Use of the surface-based procedure is straightforward. Two surfaces must be defined on the beam or shell: one on the SPOS side and one on the SNEG side. Each surface is then coupled to the fluid using a tie constraint. At least one of the two surfaces on the beam or shell must be a master surface.
In Abaqus/Standard, if the same nodes are used for the fluid and the beam or shell, acoustic interface elements must be used in the following manner to define acoustic-structural coupling on both sides of a beam or shell element:
- Define a second set of nodes coincident with the beam or shell nodes, and constrain the motions of the two sets of nodes together using a PIN-type MPC (“General multi-point constraints,” Section 35.2.2).
- Use the first set of nodes to line one side of the beam or shell elements with acoustic interface elements (with the normals of the acoustic interface elements pointing into the fluid).
- Use the second set of nodes to line the other side of the beam or shell elements with acoustic interface elements (with the normals pointing into the fluid on the opposite side of the structure, as in Step 2).
- The acoustic elements on the first side of the beam or shell elements should be defined using the first set of nodes, and the acoustic elements on the second side of the beam or shell elements should be defined using the second set of nodes.

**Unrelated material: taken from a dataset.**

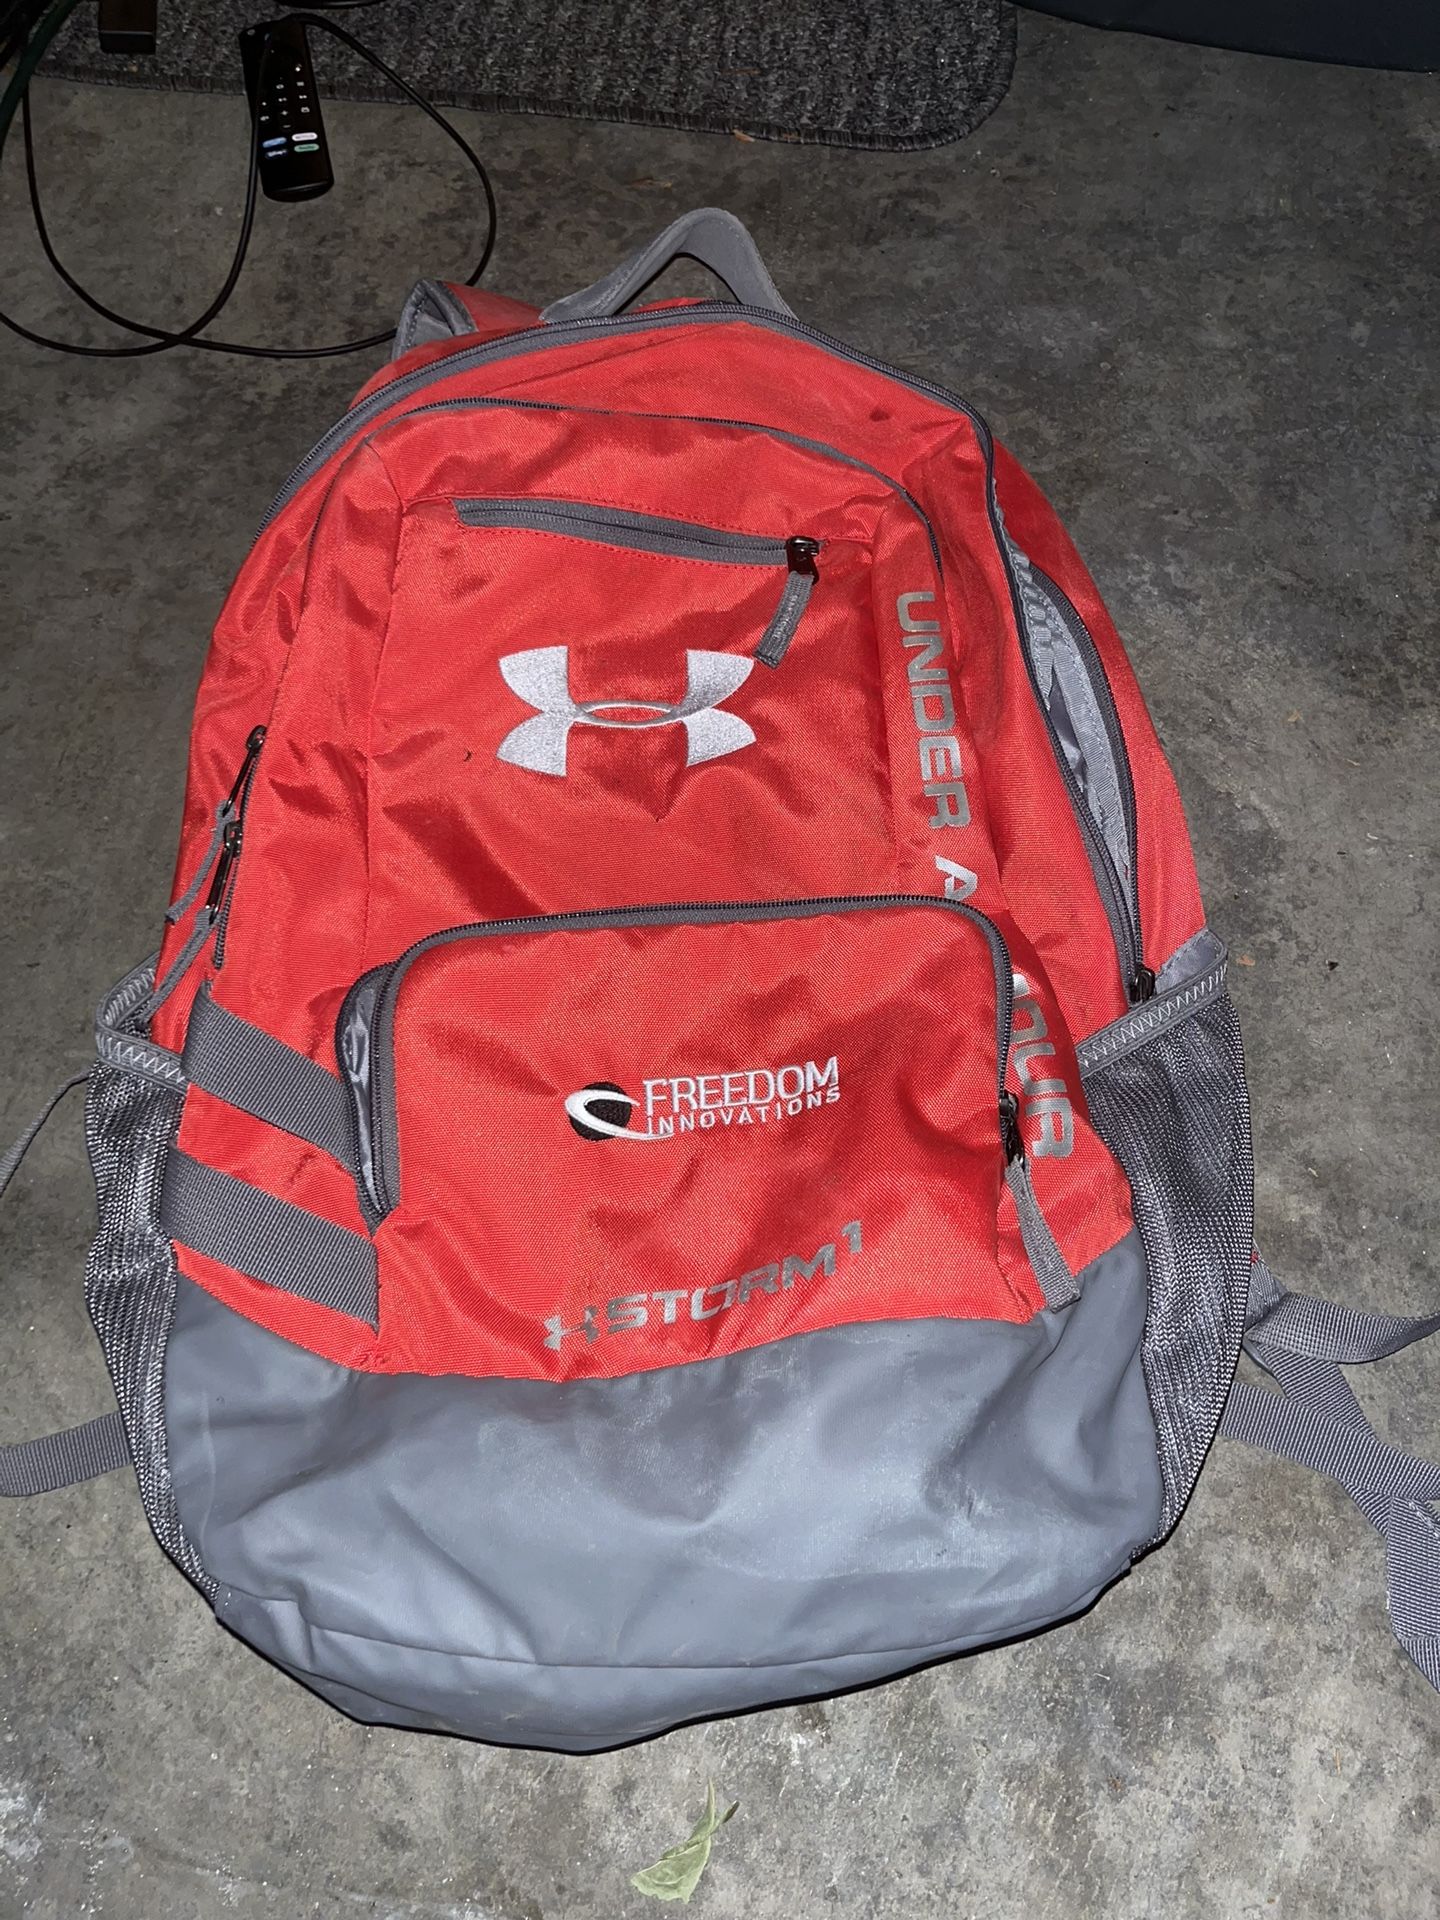 Under Armor Sport Backpack

Defining the virtual mass effect (fluid-structural coupling) for beam and pipe elements
In Abaqus virtual mass effects on submerged Timoshenko beam elements can be modeled by specifying additional inertia for the beam. The virtual mass effects are specified as part of the section definition of the beam.

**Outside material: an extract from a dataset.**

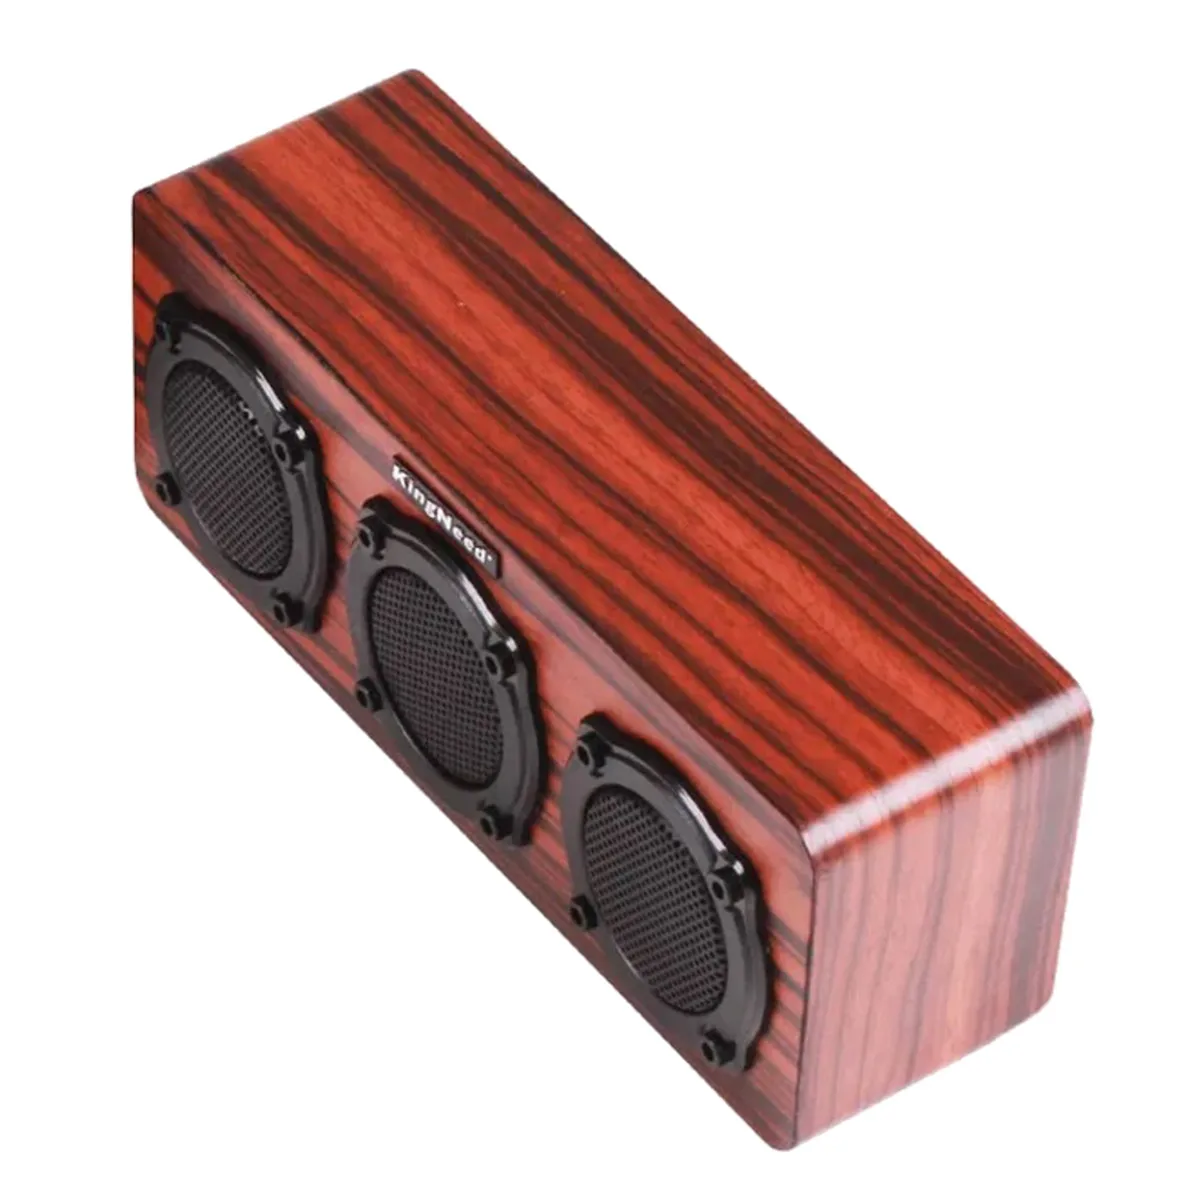 60db звук деревянный Blurtooth открытый портативный динамик Hifi беспроводной бас студия стерео 2 Ster динамик s 1 вибрационная мембрана

- Define the beam section (“Using a beam section integrated during the analysis to define the section behavior,” Section 29.3.6, or “Using a general beam section to define the section behavior,” Section 29.3.7), any additional internal inertia (“Adding inertia to the beam section behavior for Timoshenko beams” in “Beam section behavior,” Section 29.3.5), and the beam material properties.
- Define the virtual mass effect (“Additional inertia due to immersion in fluid” in “Beam section behavior,” Section 29.3.5).
- If the model is to be loaded using an incident wave (“Incident wave loading due to external sources” in “Acoustic and shock loads,” Section 34.4.6), define a surface or surfaces on the beam elements.
Loads
The following types of loading can be prescribed in an acoustic analysis, as described in “Acoustic and shock loads,” Section 34.4.6:
• Concentrated pressure-conjugate loading.
• An impedance condition that specifies the relationship between the pressure of the acoustic medium and the normal motion at the boundary (either element-based or surface-based). Such a condition is applied, for example, to include the effect of small-amplitude “sloshing” in a gravity field or to include the effect of a compressible, possibly dissipative, lining (such as a carpet) between the acoustic medium and a fixed, rigid wall or a structure. This type of condition can also be applied to edge facets of acoustic infinite elements.
• Nonreflecting radiation conditions on acoustic boundaries (either element-based or surface-based). An impedance can be defined to select the appropriate radiating boundary condition taking the radiating surface shape into consideration.
• Incident wave loading such as that caused by an underwater explosion or a sound field. Since this type of loading is usually applied in conjunction with semi-infinite acoustic regions, two alternative modeling formulations are available in Abaqus. A total pressure-based formulation is provided when the incident wave loading is applied to the exterior of a semi-infinite acoustic mesh. This formulation must be used to handle the incident wave loading when the acoustic medium is capable of cavitation, rendering the fluid material behavior nonlinear. The scattered pressure formulation is typically used when cavitation is not part of the fluid mechanical behavior and when the loads are applied to fluid-solid interfaces. Sound transmission loss and acoustic scattering problems usually fall into the latter category.
For both formulations, when incident wave loading is applied to a given surface, a mathematical jump occurs between the pressures on both sides of the surface because the side from which the incident pressure arrives is implicitly a region of scattered pressure. This jump is handled automatically when the incident wave load is applied to a surface with a nonreflecting impedance condition and when the incident wave load is applied to a fluid-solid interface. However, if the incident wave load is applied to a surface lying between acoustic finite or infinite elements, the jump will not be modeled properly because pressures are continuous between acoustic elements. For this case, low-mass and low-stiffness membrane, shell, or surface elements should be interposed between the acoustic elements to permit the jump in pressure to exist.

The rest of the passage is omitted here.